Act2Goal: From World Model To General Goal-conditioned Policy

TL;DR

Act2Goal introduces a goal-conditioned manipulation policy combining a visual world model with multi-scale temporal control, enabling robust, long-horizon robotic tasks with strong zero-shot generalization and rapid online adaptation.

Contribution

The paper presents Act2Goal, a novel approach integrating a visual world model with multi-scale temporal hashing for improved long-horizon manipulation.

Findings

Achieves success rates from 30% to 90% on out-of-distribution tasks.

Enables rapid autonomous improvement through reward-free online adaptation.
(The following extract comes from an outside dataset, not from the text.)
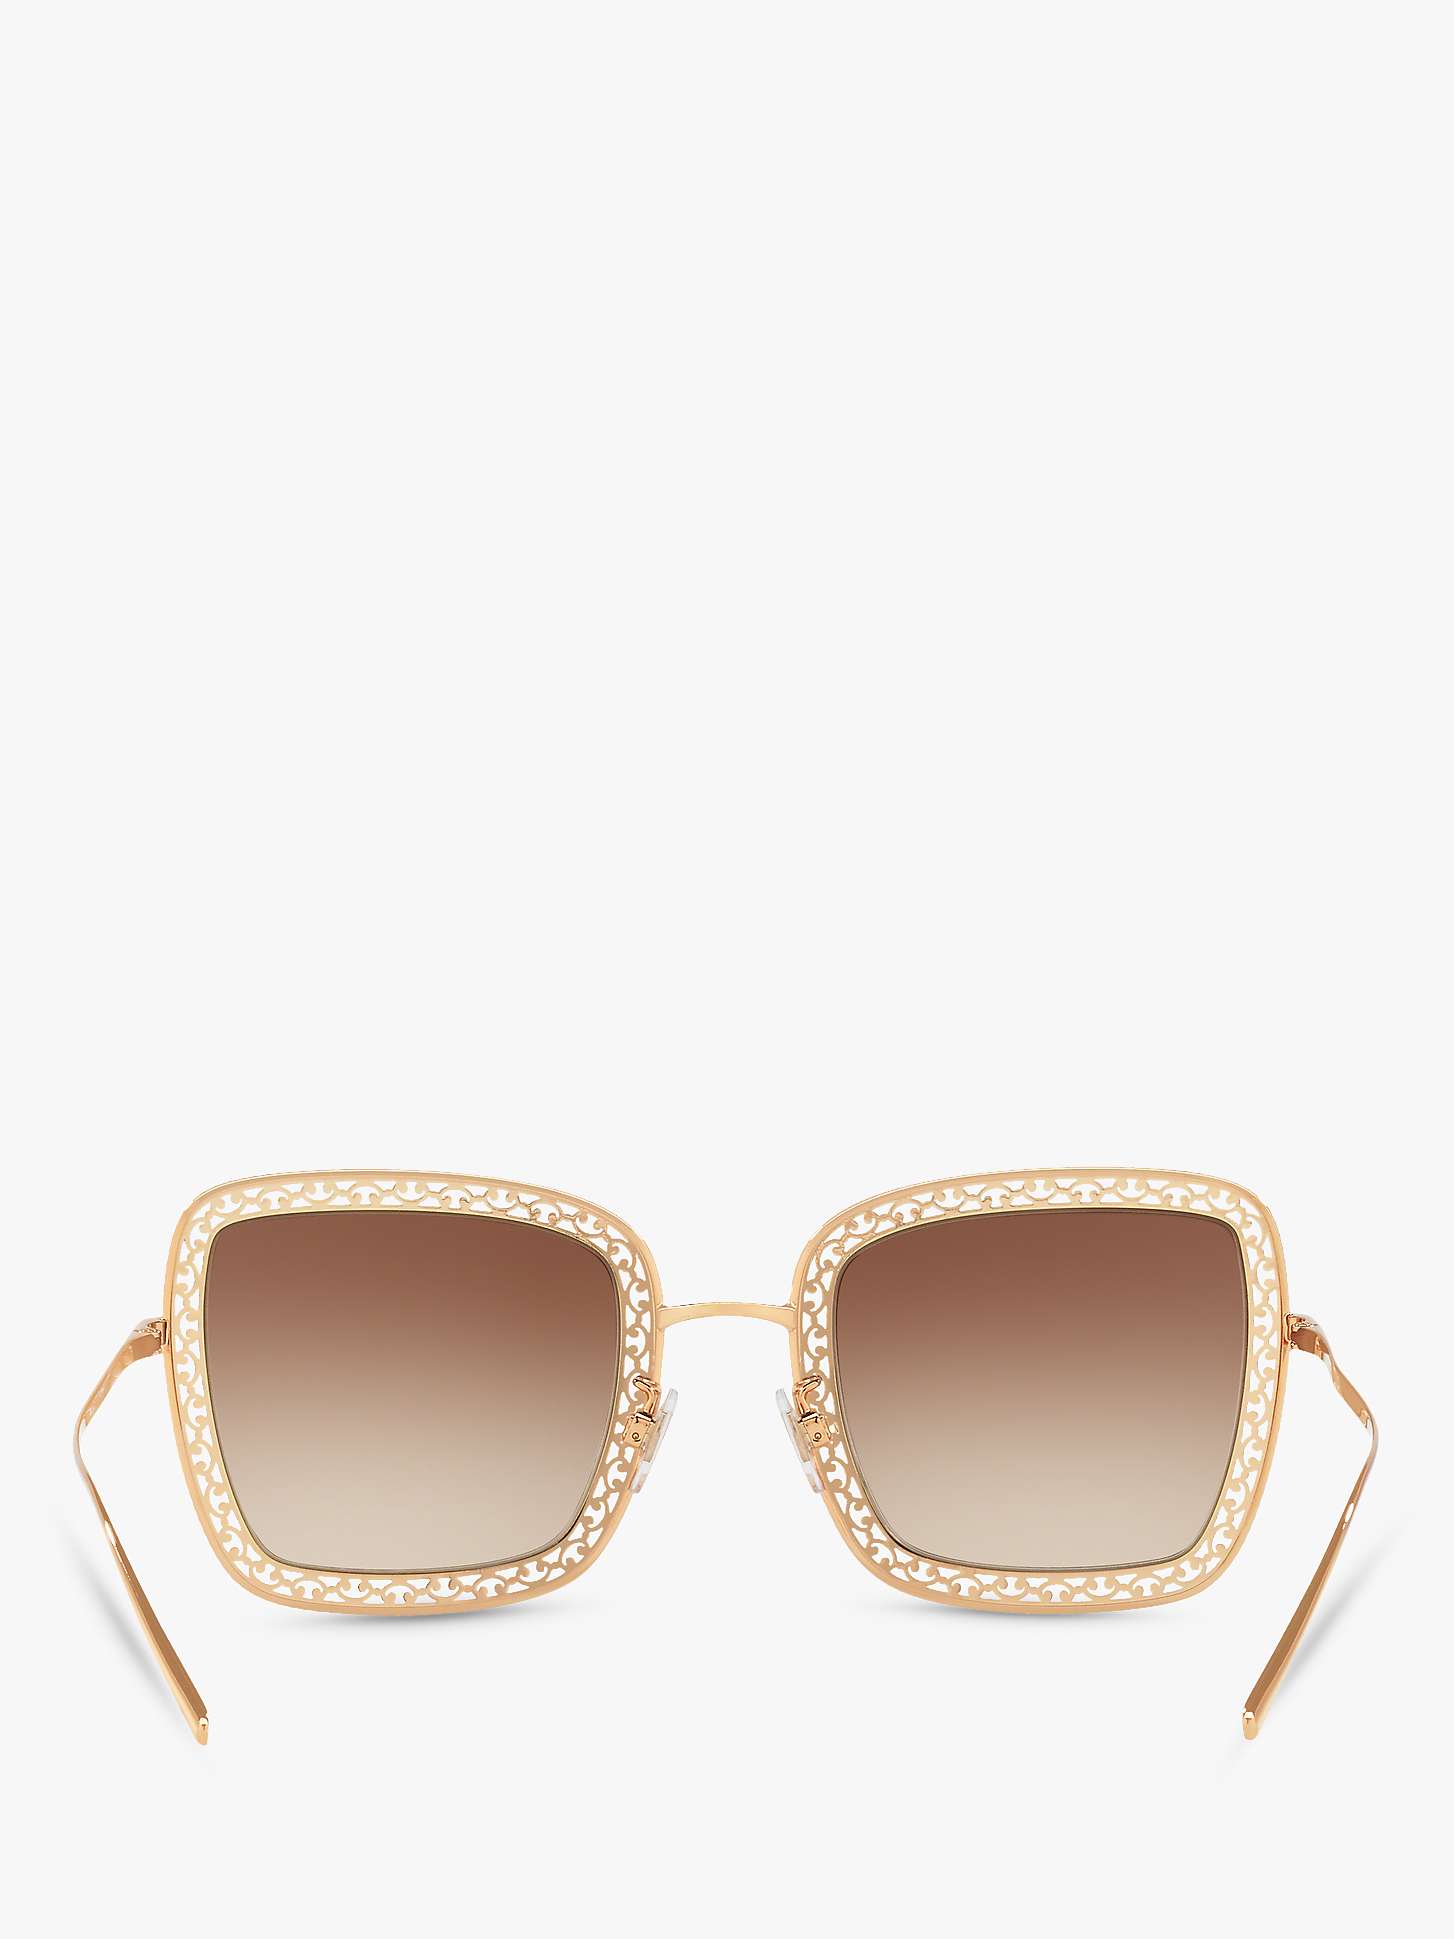 Dolce & Gabbana DG2225 Women's Square Sunglasses, Gold/Brown Gradient ...

Demonstrates strong zero-shot generalization to new objects and environments.

Abstract

Specifying robotic manipulation tasks in a manner that is both expressive and precise remains a central challenge. While visual goals provide a compact and unambiguous task specification, existing goal-conditioned policies often struggle with long-horizon manipulation due to their reliance on single-step action prediction without explicit modeling of task progress. We propose Act2Goal, a general goal-conditioned manipulation policy that integrates a goal-conditioned visual world model with multi-scale temporal control. Given a current observation and a target visual goal, the world model generates a plausible sequence of intermediate visual states that captures long-horizon structure. To translate this visual plan into robust execution, we introduce Multi-Scale Temporal Hashing (MSTH), which decomposes the imagined trajectory into dense proximal frames for fine-grained closed-loop control and sparse distal frames that anchor global task consistency. The policy couples these representations with motor control through end-to-end cross-attention, enabling coherent long-horizon behavior while remaining reactive to local disturbances. Act2Goal achieves strong zero-shot generalization to novel objects, spatial layouts, and environments. We further enable reward-free online adaptation through hindsight goal relabeling with LoRA-based finetuning, allowing rapid autonomous improvement without external supervision. Real-robot experiments demonstrate that Act2Goal improves success rates from 30% to 90% on challenging out-of-distribution tasks within minutes of autonomous interaction, validating that goal-conditioned world models with multi-scale temporal control provide structured guidance necessary for robust long-horizon manipulation. Project page: https://act2goal.github.io/